No entanto, essa atitude nos coloca muito atrás dos revolucionários, que são versados em se autoanalisar. Eles falam constantemente sobre seus pontos e suas condutas. É comum um cenário mais reflexivo entre eles — não em todos — mas, em muitos grupos, o filósofo não é estranho, e suas palavras não são recebidas como ofensa pessoal, mas como convite à reflexão, a sair do "mundo do eu eu". Então, veja bem a nossa situação: tanto no âmbito pessoal como no social, essa defasagem tem mostrado o seu estrago.
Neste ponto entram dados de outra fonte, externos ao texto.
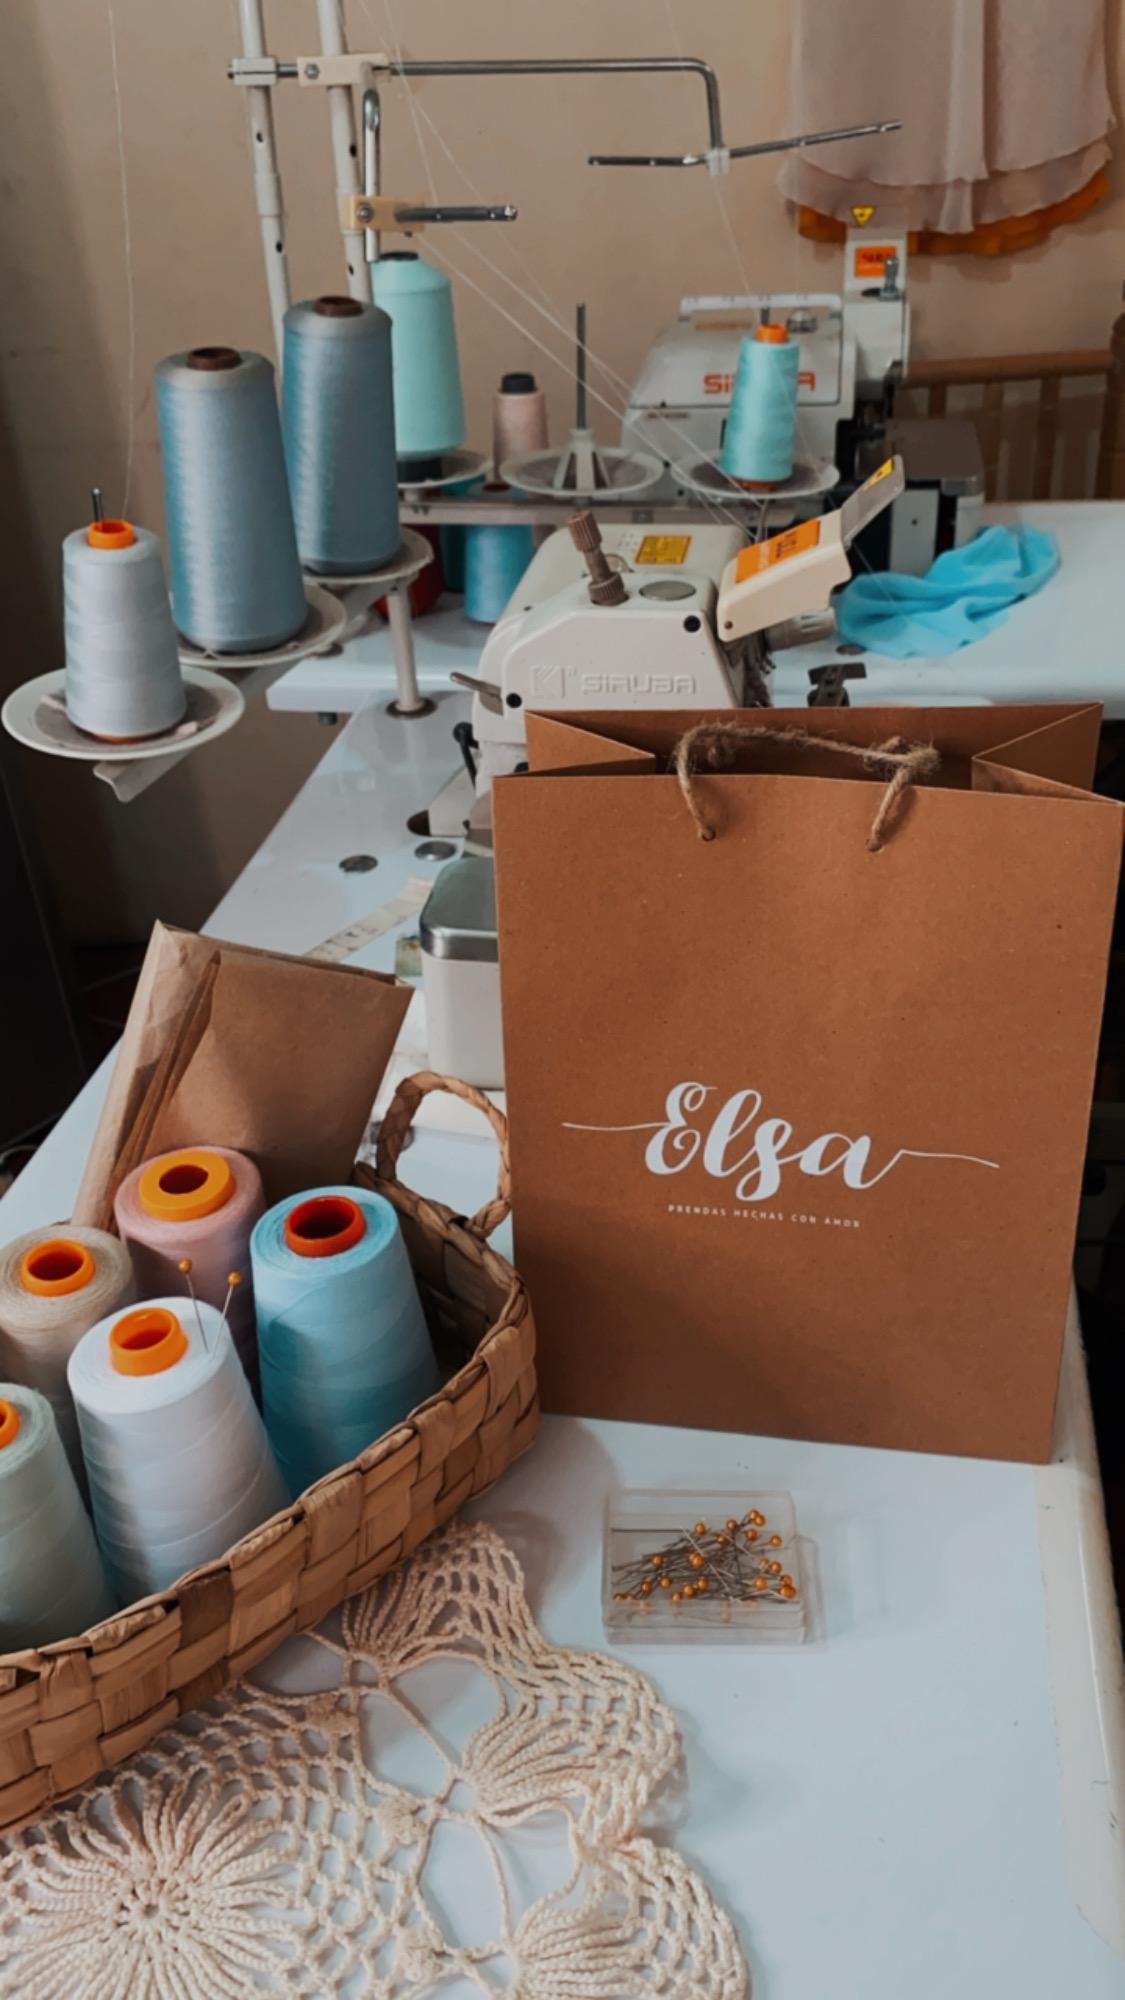 Elsa, una marca hecha con mucho amor

Por isso, vivo a pensar e a dizer que, embora seja boa a produção de materiais de alto valor filosófico e intelectual, de obras de renome etc., precisamos, com urgência, colocar um olhar atento sobre a maturidade efetiva do estado interior de reflexão — e isso se dá pela presença e escuta do filósofo católico que está atento à realidade, que fala do tempo e de suas mazelas, convidando a todos a verem não só a mazela, mas o caminho humano e espiritual de resposta (isso somado a uma vida interior, claro). Tal escuta deve ser isenta de qualquer floreio apaixonado, preferências pessoais, acalentamento emocional ou apreciação material de status.
Sem essa devida maturação, sem esse real enfoque na atitude reflexiva, podemos entrar num ativismo vazio com ares religiosos ou num catolicismo sem a devida maturação emocional e humana.
2 comments
Obrigada pelo texto.
ResponderExcluirComo seria saudavel para nossa igreja se todos formadores de opiniao e catequistas de certa forma fizessem isso, dar opiniao isentada de qualquer floreio apaixonado, preferências pessoais, acalentamento emocional ou apreciação material de status. Falar a verdade como ela é estabelecida pelo magisterio.
ResponderExcluirOlá, Paz e Bem! Que bom tê-lo por aqui! Agradeço por deixar sua partilha.